Then, the processor device 140 compensates the temperatures of the critical blocks of the machine 200 according to above relationship, and determines whether a temperature of the spindle 210 has reached equilibrium.

The machine 200 further comprises a controller 230. The controller 230 controls the machine 200 to perform a preset warm-up procedure, and during the preset warm-up procedure, the processor device 140 captures the temperature of the critical temperature sensed blocks and the temperature of the at least one critical heating block of the machine through the temperature sensors 130.

The processor device 140 further analyzes an expected temperature of the critical temperature sensed blocks of the machine 200 and an estimated heating temperature of the at least one critical heating block of the machine 200 according to above relationship.

The processor device 140 performs temperature compensation on the at least one critical heating block through the heating element 110 according to the estimated heating temperature.

The processor device 140 determines whether the temperature of the critical temperature sensed blocks reaches the expected temperature. When the temperature of the critical temperature sensed blocks reaches the expected temperature, the processor device 140 performs a notification (for example: an output component sends out message, or a speaker emits sound) to indicate a warm-up completion.

For a more complete understanding of a warm-up compensation method performed by the warm-up compensation system 100, refer to FIG. 3. FIG. 3 is a flow chart of the warm-up compensation method 300 according to one embodiment of the present disclosure. As illustrated in FIG. 3, the warm-up compensation method 300 includes the operations S301-S304. However, as could be appreciated by persons having ordinary skill in the art, for the steps described in the present embodiment, the sequence in which these steps is performed, unless explicitly stated otherwise, can be altered depending on actual needs; in certain cases, all or some of these steps can be performed concurrently. With reference to FIGS. 1-3, some embodiments are explanted below.

In operation S301, the machine 200 is divided into a plurality of temperature-sensitive candidate blocks. In operation S302, when the machine 200 operates at the constant speed, using temperature sensors to periodically capture temperatures of the temperature-sensitive candidate blocks, it is determined that a plurality of critical temperature sensed blocks 213 and 215 of the temperature-sensitive candidate blocks mainly affect an inclination of the spindle 210 according to the temperatures of the temperature-sensitive candidate blocks and the tilt angle of the spindle, and recording a critical temperature sense information, wherein the critical temperature sense information comprises a relationship between a temperature change of the critical temperature sensed blocks and a change of the tilt angle of the spindle. In operation S303, non-critical temperature-sensitive blocks of the temperature-sensitive candidate blocks are set as a plurality of heating candidate blocks. In operation S304, when the machine 200 operates at the constant speed, the heating element 110 is used to heat the heating candidate blocks individually, finding at least one critical heating block 212 and/or 222 that most affects the inclination of the spindle from the heating candidate blocks and recording a critical heating information, wherein the critical heating information comprises a relationship between the temperature change of the at least one critical heating block along heating time and the change of the tilt angle of the spindle. The critical temperature sense information and the critical heating information serve as a basis of a accelerating warm-up compensation for the machine 200.

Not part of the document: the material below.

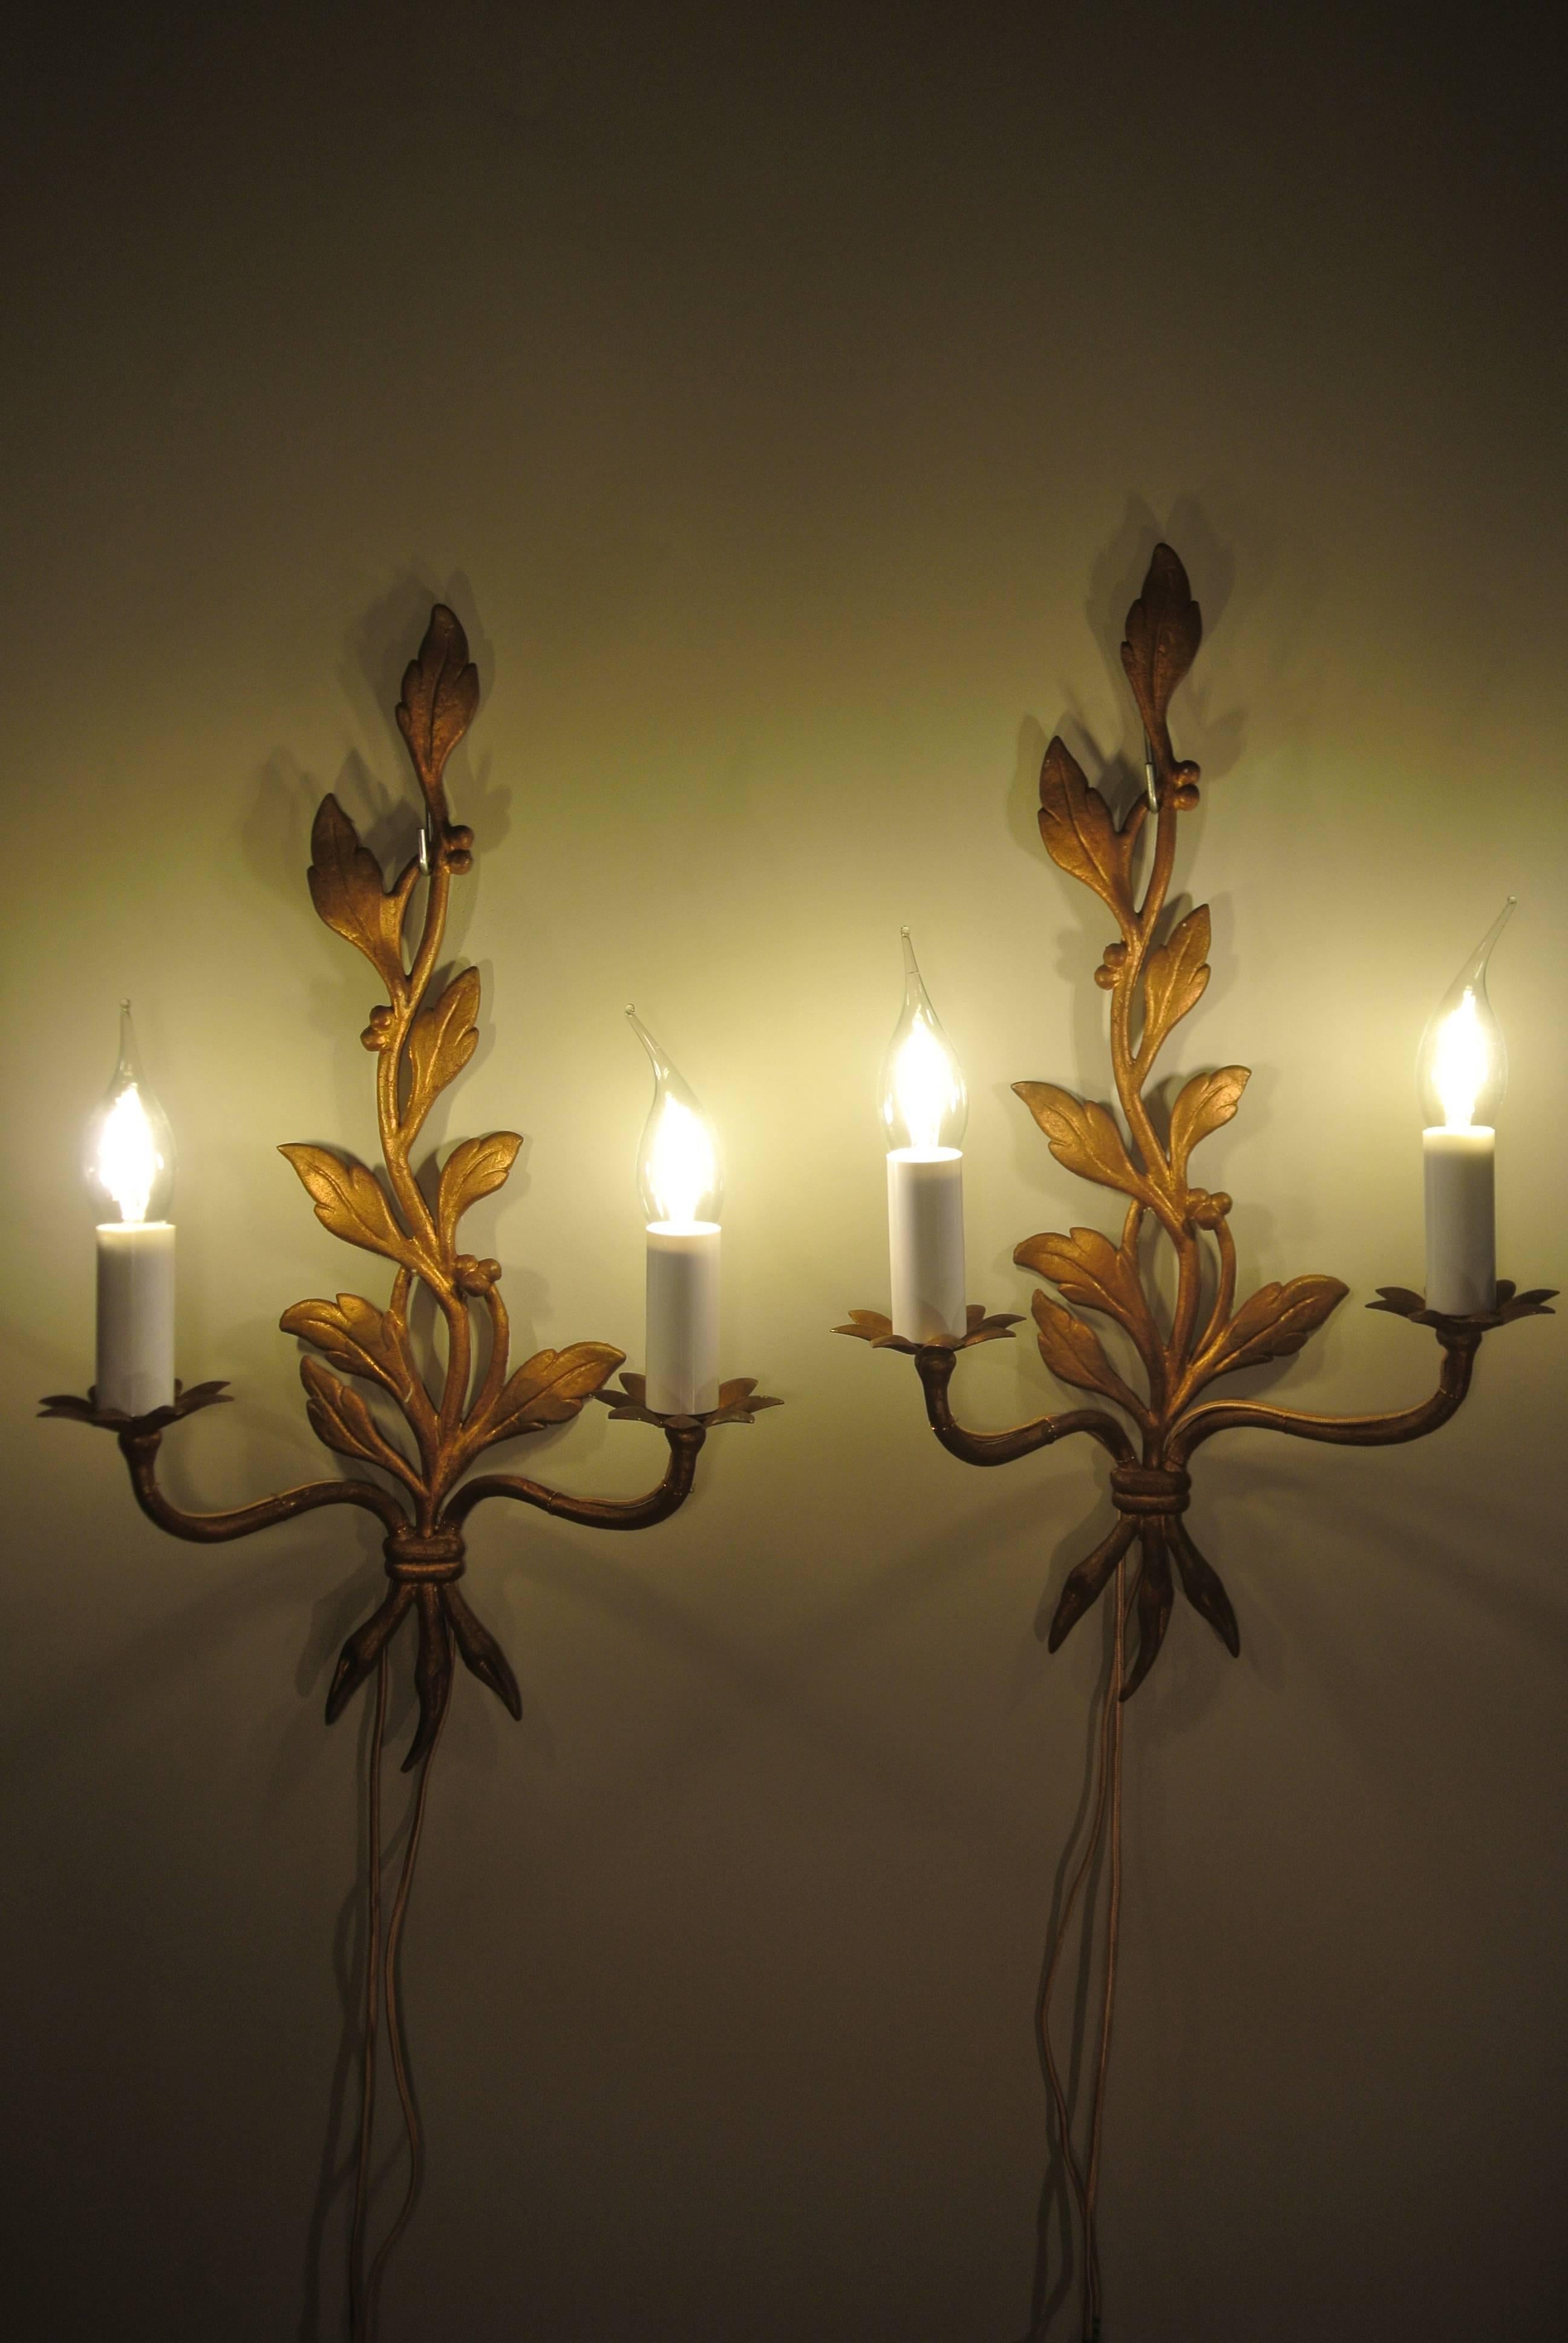 French Pair of Mid-Century Modern Gold Gilt Bronze Sconces in a Leaf Design, circa 1960 For Sale

In operation S302, when the machine 200 operates at the constant speed, the tilt angle of the spindle 210 is captured every a predetermined time interval through the displacement meter 120 and simultaneously the temperatures of the temperature-sensitive candidate blocks are captured through the temperature sensors 130 until the tilt angle of the spindle 210 is not changed, so as to record a capturing period. A correlation between the temperature change of each of the temperature-sensitive candidate blocks and the change of the tilt angle of the spindle, to find the critical temperature sensed blocks is analyzed. the relationship between the temperature change of the critical temperature sensed blocks along the capturing period and the change of the tilt angle of the spindle 210 is calculated according to the temperature captured every the predetermined time interval and the tilt angle, so as to records the critical temperature sense information.

In operation S304, the heating candidate blocks are divided into a plurality of heating candidate blocks of the spindle 210 and a plurality of heating candidate blocks of the column body 220. The heating element 110 is used to heat the heating candidate blocks of the spindle 210 individually, so as to find at least one first critical heating block 212 that mainly affect the inclination of the spindle 210 from the heating candidate blocks of the spindle 210. The heating element 110 is used to heat the heating candidate blocks of the column body 220 individually, so as to find at least one second critical heating block 222 that mainly affect the inclination of the spindle 210 from the heating candidate blocks of the column body 220. The above-mentioned at least one critical heating block of the machine 200 comprises the at least one first and second critical heating blocks 212 and 222, the heating element 110 simultaneously increases temperature of the at least one first and second critical heating blocks 212 and 222 of the spindle 210 and the column body 220, and thus, a relationship between temperature change of the at least one first and second critical heating blocks 212 and 222 along heating time and the change of the tilt angle of the spindle 210 analyzed.

For a more complete understanding of a follow-up warm-up compensation method performed by the warm-up compensation system 100, refer to FIG. 4. FIG. 4 is a flow chart of the warm-up compensation method 400 according to another embodiment of the present disclosure. As illustrated in FIG. 4, the warm-up compensation method 400 includes the operations S401-S404. However, as could be appreciated by persons having ordinary skill in the art, for the steps described in the present embodiment, the sequence in which these steps is performed, unless explicitly stated otherwise, can be altered depending on actual needs; in certain cases, all or some of these steps can be performed concurrently. With reference to FIGS. 1, 2 and 4, some embodiments are explanted below.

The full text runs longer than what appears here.